Yes, that law was an exaggeration but there are plenty of examples that
include specifics on where the headquarters is which is effectively the same
thing.

As to pork, the 50 billion sandy bill 17 billion relating to sand and then a
bunch of random junk such as 33 million for Amtrack which is a for profit
company. Now in this case nobody felt the need to hide it, but there are
plenty of past spending bills aka law that have really specific contract
requirements. EX: 693,000$ (~1/20,000th the budget) for beef improvement
research in Missouri and Texas went to the Beef Improvement Federation as the
only group meeting the requirements despite not being directly named in law.
Granted by it's self not a big deal but plenty of things such as vary narrow
import tarrifs stick around ex: refined vs raw sugar.
<http://edis.ifas.ufl.edu/sc019>

------
themgt
Working with the local Code for America group, we've been trying to put a
basic budget app online and it's an amazing clusterfuck. The city published
incredibly incomplete budget docs in a Google Fusion table, and more detailed
documents in images-embedded-in-PDFs.

Trying to get access to the underlying information and talking with the city's
"chief information officer", turns out the actual budget numbers don't really
quite add up due to department moves and program changes and such, so they
literally have "a guy" who is entering numbers manually into a Word document
based on black magic, to make it all add up.

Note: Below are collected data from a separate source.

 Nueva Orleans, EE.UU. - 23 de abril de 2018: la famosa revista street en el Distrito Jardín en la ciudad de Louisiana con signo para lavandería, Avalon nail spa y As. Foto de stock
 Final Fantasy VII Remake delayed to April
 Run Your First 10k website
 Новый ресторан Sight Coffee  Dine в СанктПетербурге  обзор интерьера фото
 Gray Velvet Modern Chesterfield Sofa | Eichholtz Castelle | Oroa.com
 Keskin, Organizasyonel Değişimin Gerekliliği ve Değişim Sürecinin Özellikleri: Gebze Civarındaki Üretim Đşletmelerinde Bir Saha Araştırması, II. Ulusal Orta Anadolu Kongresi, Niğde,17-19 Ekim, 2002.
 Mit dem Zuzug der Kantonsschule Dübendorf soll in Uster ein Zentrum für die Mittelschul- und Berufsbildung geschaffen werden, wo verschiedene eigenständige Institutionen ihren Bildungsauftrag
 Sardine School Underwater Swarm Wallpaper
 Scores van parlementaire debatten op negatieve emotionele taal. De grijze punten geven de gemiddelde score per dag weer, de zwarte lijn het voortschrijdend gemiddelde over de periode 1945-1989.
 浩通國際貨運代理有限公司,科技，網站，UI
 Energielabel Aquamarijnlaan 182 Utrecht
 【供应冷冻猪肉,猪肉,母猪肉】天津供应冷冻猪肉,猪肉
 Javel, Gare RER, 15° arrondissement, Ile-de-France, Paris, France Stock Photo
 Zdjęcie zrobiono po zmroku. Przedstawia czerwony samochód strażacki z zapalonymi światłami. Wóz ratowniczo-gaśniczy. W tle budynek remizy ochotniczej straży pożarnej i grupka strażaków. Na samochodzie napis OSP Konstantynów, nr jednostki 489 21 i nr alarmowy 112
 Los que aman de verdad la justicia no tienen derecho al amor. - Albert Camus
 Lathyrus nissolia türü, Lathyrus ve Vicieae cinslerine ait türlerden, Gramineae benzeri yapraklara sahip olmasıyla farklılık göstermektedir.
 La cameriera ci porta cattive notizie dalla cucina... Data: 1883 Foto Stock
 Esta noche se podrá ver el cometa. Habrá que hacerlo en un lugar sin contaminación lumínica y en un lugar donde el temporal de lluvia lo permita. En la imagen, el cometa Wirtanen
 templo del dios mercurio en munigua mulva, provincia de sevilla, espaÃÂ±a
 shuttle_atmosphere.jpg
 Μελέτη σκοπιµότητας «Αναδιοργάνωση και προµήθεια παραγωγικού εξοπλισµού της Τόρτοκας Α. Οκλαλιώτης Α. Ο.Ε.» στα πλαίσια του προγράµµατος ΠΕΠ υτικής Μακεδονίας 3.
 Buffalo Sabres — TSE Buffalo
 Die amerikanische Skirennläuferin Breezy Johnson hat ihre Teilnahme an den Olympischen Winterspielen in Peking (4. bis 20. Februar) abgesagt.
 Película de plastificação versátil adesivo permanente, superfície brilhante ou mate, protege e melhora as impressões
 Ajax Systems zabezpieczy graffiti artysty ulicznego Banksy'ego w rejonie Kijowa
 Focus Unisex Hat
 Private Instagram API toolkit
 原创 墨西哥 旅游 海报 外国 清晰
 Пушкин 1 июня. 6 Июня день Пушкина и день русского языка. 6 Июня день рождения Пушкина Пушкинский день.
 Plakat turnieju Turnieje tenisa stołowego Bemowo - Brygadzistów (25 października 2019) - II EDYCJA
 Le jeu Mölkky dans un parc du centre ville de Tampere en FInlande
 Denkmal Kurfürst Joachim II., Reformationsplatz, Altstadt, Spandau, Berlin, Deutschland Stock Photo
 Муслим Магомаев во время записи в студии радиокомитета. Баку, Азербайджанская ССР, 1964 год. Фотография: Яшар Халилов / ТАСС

This is the sort of thing where if the tech crowd pushes to get the output
data open and accessible, it will be a strong incentive to stop the black
magic happening earlier in the process.

------
DanielBMarkham
"...this is not a failure of the Council itself..."

I'm calling bullshit. The council should make a law that says all legal code
stays in the public domain no matter what. Then a legal case would set up, and
then _all_ cities would have resolution on this.

There's nobody else but the council. We don't elect lexis-nexis, and council
members are the only guys there that represent our interests.

Yes, it's certainly fair to say it's a complex issue, and there are good
reasons why it's not available, but make no mistake: the council here is the
_only_ party responsible.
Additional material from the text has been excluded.